Прекратил состязание Лотарь. Его бас призвал дуэт к молчанию, после чего он заявил: если де Режий пришлет в его дом жандармов, то он, профессор Водре-Шомар, подаст на него жалобу за жестокое обращение с несовершеннолетней дочерью и насильственное принуждение ее к нежеланному замужеству. Де Режий мгновенно оставил поле боя, проблеяв, что они еще обо всем пожалеют и что последнее слово все равно останется за ним!

– Будем надеяться, что теперь он будет сидеть спокойно, – со вздохом сказала Клотильда, после того как Мари убежала плакать к себе в комнату. А плакала она из-за отсутствия на поле боя того, кого избрала себе в рыцари.

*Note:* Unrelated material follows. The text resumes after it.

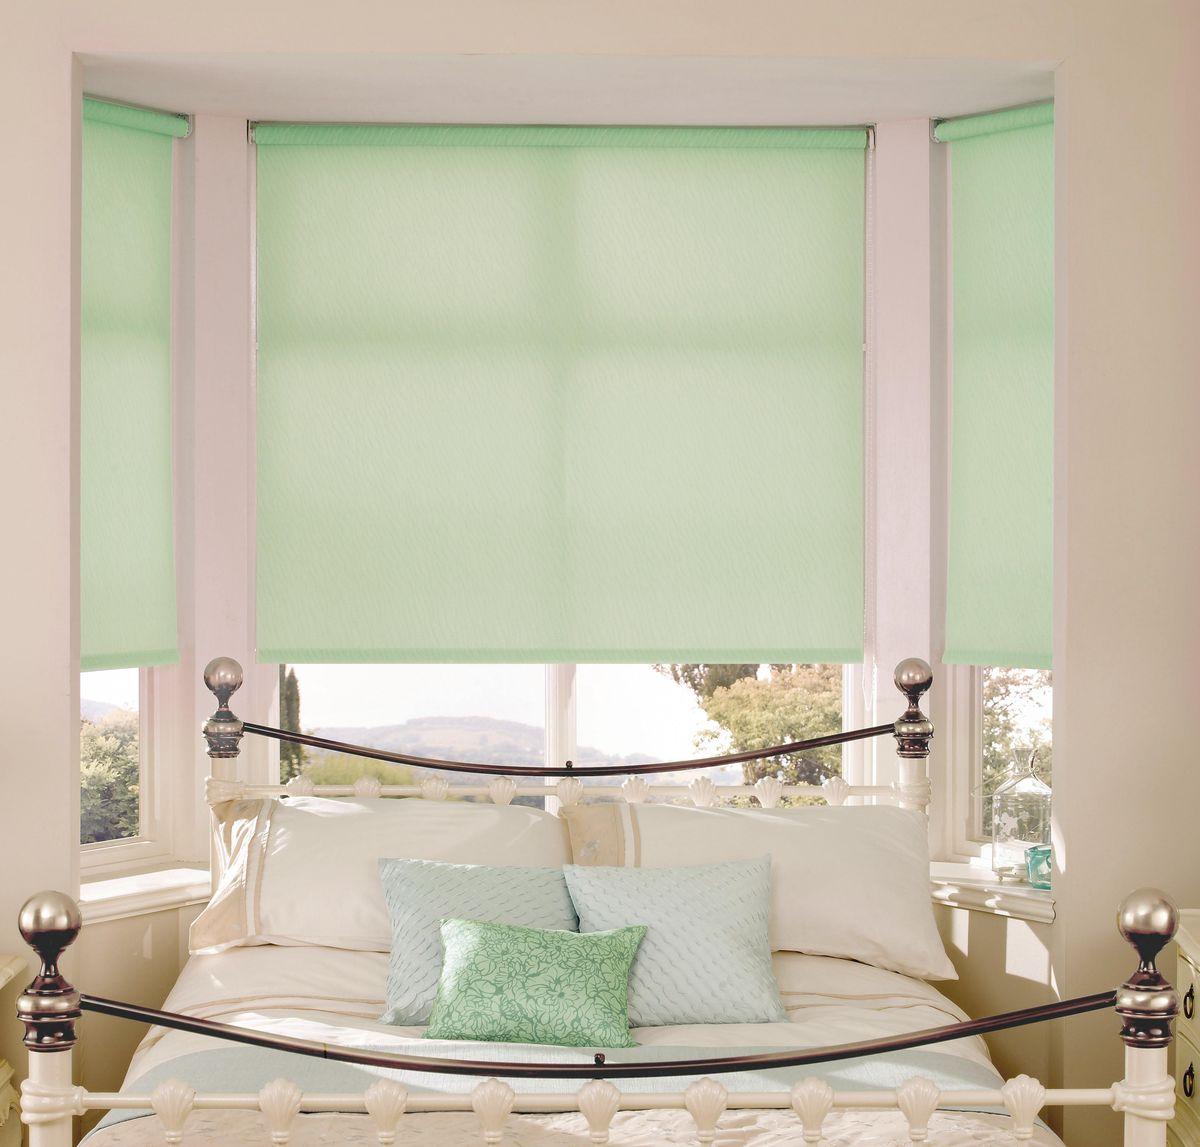 Штора рулонная Эскар, цвет: светло-зеленый, ширина 160 см, высота 170 см81017160170Рулонными шторами можно оформлять окна как самостоятельно, так и использовать в комбинации с портьерами. Это поможет предотвратить выгорание дорогой ткани на солнце и соединит функционал рулонных с красотой навесных. Преимущества применения рулонных штор для пластиковых окон: - имеют прекрасный внешний вид: многообразие и фактурность материала изделия отлично смотрятся в любом интерьере; - многофункциональны: есть возможность подобрать шторы способные эффективно защитить комнату от солнца, при этом о на не будет слишком темной. - Есть возможность осуществить быстрый монтаж. ВНИМАНИЕ! Размеры ширины изделия указаны по ширине ткани! Во время эксплуатации не рекомендуется полностью разматывать рулон, чтобы не оторвать ткань от намоточного вала. В случае загрязнения поверхности ткани, чистку шторы проводят одним из способов, в зависимости от типа загрязнения: легкое поверхностное загрязнение можно удалить при помощи...

Адальбер удалился к себе сразу же, как только на пороге появился Режий.

– Думаю, как только сегодняшнее дело будет улажено, я тут же уеду в Париж, – сказал он Альдо. – Не хочу оставаться в дурацком положении.

– При чем тут дурацкое положение? Ты нужен здесь больше, чем там. Ты же не можешь бросить План-Крепен на произвол судьбы! А влюбленная Мари способна последовать за тобой и в Париж, так что если хочешь навлечь на себя обвинение в похищении и соблазнении несовершеннолетней, то, пожалуйста, поезжай, никто тебе не мешает.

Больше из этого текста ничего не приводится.